Tras un buen rato paseando, Tamaki y Takako entraron por fin a una cafetería, donde la morena de pelo largo pretendía incidir un poco más en el tema de Haruhi y en los sentimientos del joven hacia ella. Hasta entonces, habían hablado tan sólo del Host Club y de asuntos triviales. Sobre el Host Club fue de lo que más habló él; con todo lujo de detalles, Takako pudo conocer casi toda la historia del club en aquél lapso de tiempo, además de alguna que otra anécdota. Tamaki parecía estar muy complacido por el interés de Takako, y sobretodo porque ya hubiese sido informada de previo por Kyouya que él era el "Rey" del club. A Takako le había caído bien el chico; quizás pecaba un poco de narcisista, pero en muchos aspectos era como ella. Además, tenía unos modales de lujo... y para rematar todo aquello, era guapísimo. Cuando más lo pensaba, más segura estaba de que él estaba hecho para Haruhi. Ambos se complementaban en el carácter... ¡tenía que hacer que estuviesen juntos como fuese!

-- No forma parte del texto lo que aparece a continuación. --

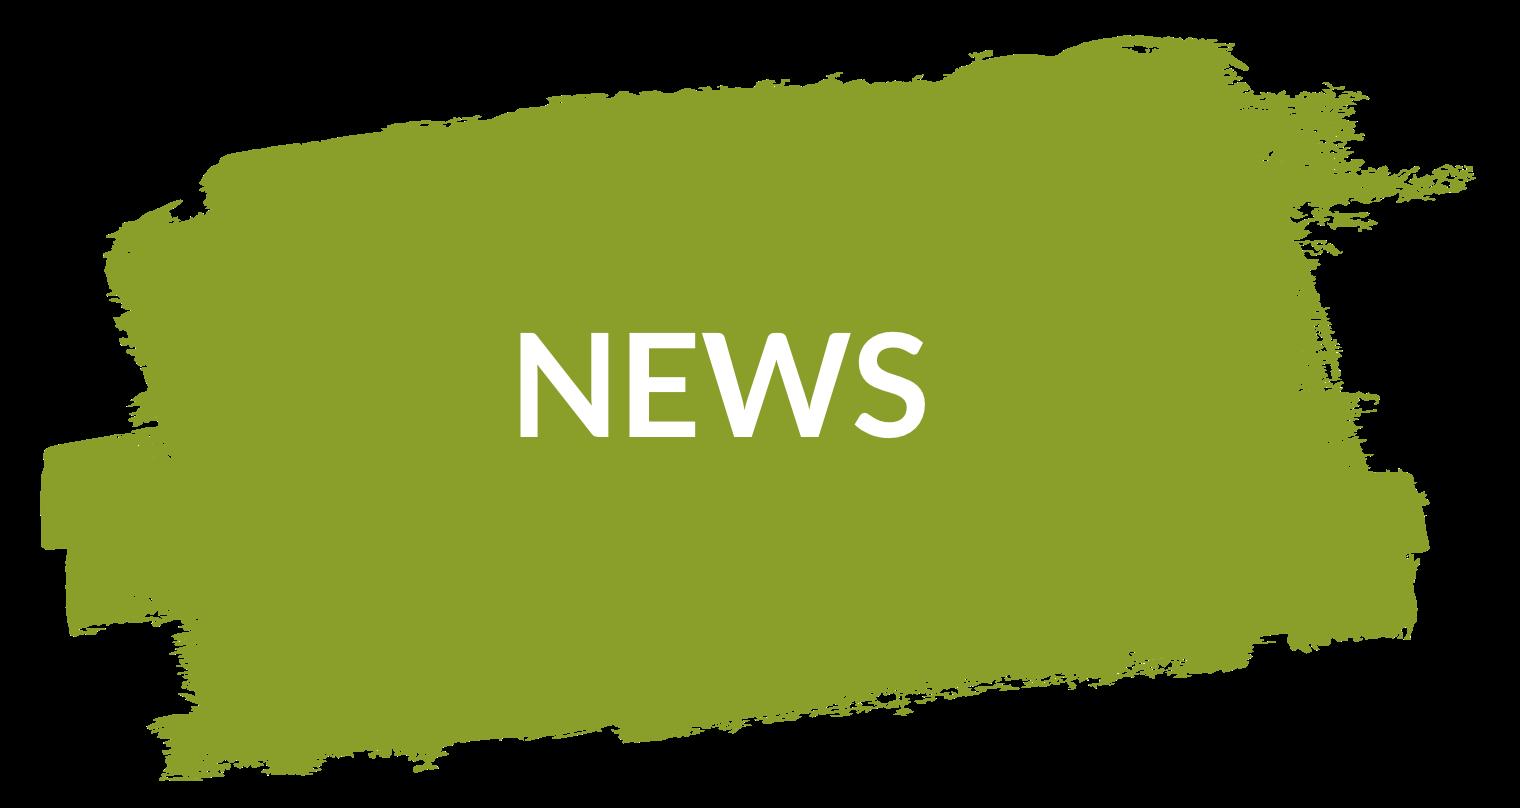 news grafik biobase

Pero, de momento, sus propósitos tardarían un poco en cumplirse. Sentada en una mesa para dos, esperaba a que el medio francés terminara de pedir algo para ellos, aparentando la mayor calma posible... aunque, por dentro, estuviese hecha un manojo de nervios. No tenía ni idea de cómo iba a abordar el tema en cuestión sin que Tamaki se sintiese intimidado por sus preguntas o algo por el estilo. Pero si no averiguaba algo seguro aquél día, todo aquello quizás no habría servido de nada...¡Tú puedes hacerlo, Takako!, se dio ánimos a sí misma. Respira hondo y...

-¡Aquí tienes, Inoue-san!-la alegre voz del rubio le hizo salir violentamente de sus pensamientos. Venía con una sobria taza de café en una mano y una copa enorme de helado, fruta, chocolate fundido y nata en la otra-. Esto era lo que habías pedido¿verdad?-colocó la copa frente a ella con suavidad, cuidando de colocar el meñique primero sobre la mesa antes de dejar que el recipiente chocase contra la superficie de ésta de cualquier manera-. Y para mí... una taza de café.-sonrió un poco más-. Es una suerte que lo tuvieran instantáneo...

-¿Ins... tantáneo?-repitió Takako, incrédula, mientras Tamaki dejaba su taza con la misma delicadeza sobre la mesa y tomaba asiento frente a ella.

-¡Claro!-él habló como si fuese la cosa más natural del mundo-. Ya supuse que te parecería extraño, pero éste café se volvió muy popular cuando se introdujo en el club por primera vez... ahora, no bebo ningún otro tipo de café que no sea éste.-sonriendo, abrió el paquetito de azúcar para echárselo en la taza.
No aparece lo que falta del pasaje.